Software testing methods divide into two large classes, Static and Dynamic. Static testing looks at source code, dynamic testing requires executable programs and runs them. Another division is between Using a Tool that evaluates source code and and Checking Program Output. Within either set of large groups are smaller divisions, Black Box and White Box (and Clear Box and Gray Box) are all divisions of Dynamic or Checking Output methods.  Specific methods within the large groups include

  • running source code through a compiler
  • running a stress test that consumes all of a given resource on the host
  • running a tool that looks for memory allocation and access errors
  • doing a clean install on a customer-like system and then running customer-like activities and checking their output for correctness.

Orthagonal to all of the above, Manual Test and Automated Test are infastructure-based distinctions, Automated tests may be Black Box, Unit, running a tool, checking output, or any other methodology. Manual and Automated are meta-methods.


Static Software Test Methods: Similar to, but not exactly the same as Tool Using Methods, to find problems in software source code.

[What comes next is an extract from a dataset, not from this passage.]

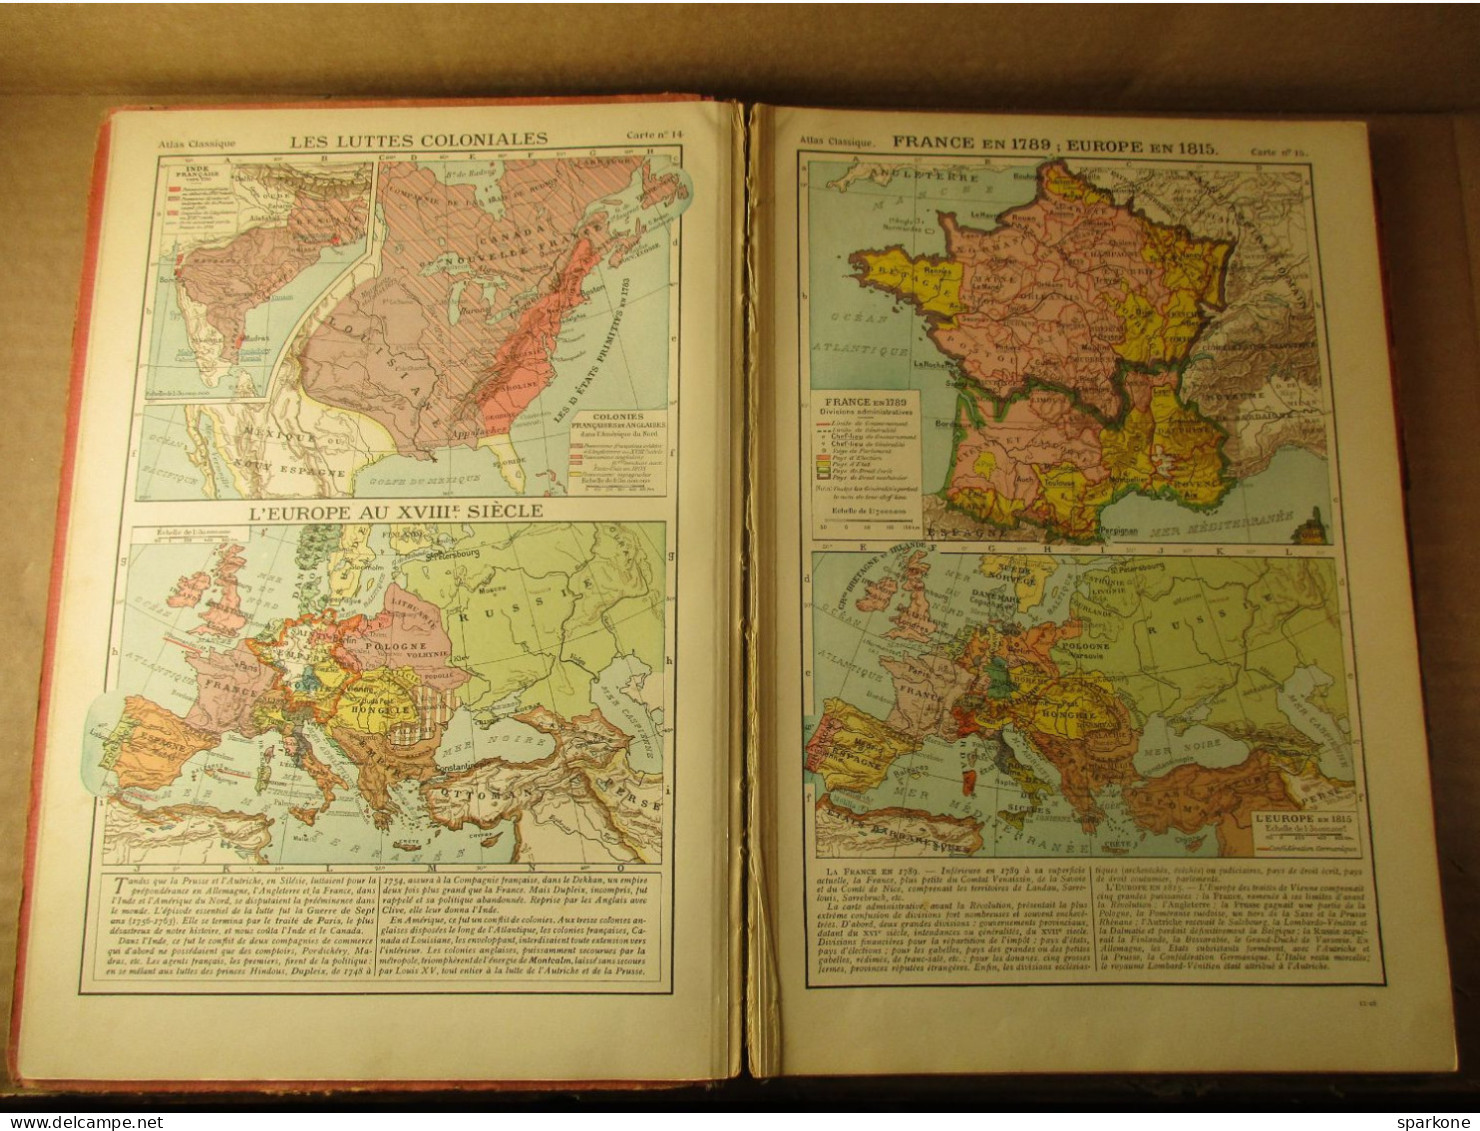 Atlas Classique De Géographie Ancienne Et Moderne (F. Schrader Et L. Gallouédec) éditions Hachette De 1928 - Karten/Atlanten

2.1) Compile successfully, no errors or warnings. This is the first step before inspection, since nothing is better or cheaper at finding compiler problems than the compiler.

2.2) Inspection and code review, to see if the code is written to the standards that the organization enforces. I like and use code reviews, the formal Fagan system, and less formal “extreme programming” techniques like having a second person review all diffs or do a walk through with two people at the workstation. They work. The standards inspected for are usually helpful in preventing bugs or making them visible. Just looking usually improves product quality – the Western Electric effect if nothing else.

There may be some insight into product requirements and how the code meets them in a review. But the reviewers would need to know the requirements and the design of the software in some detail. Its difficult enough to get the code itself to be read. In Engineering Paradise, I suppose the requirements are formally linked to design features, and features to data and code that operates on that data, to create the feature.

2.3) Static analysis. Besides passing compiler checks without errors or warnings, there are static analysis tools, “lint” for example, that can inspect code for consistency with best practices and deterministic operation. Coverity, and others, have commercial products that do static test on source code.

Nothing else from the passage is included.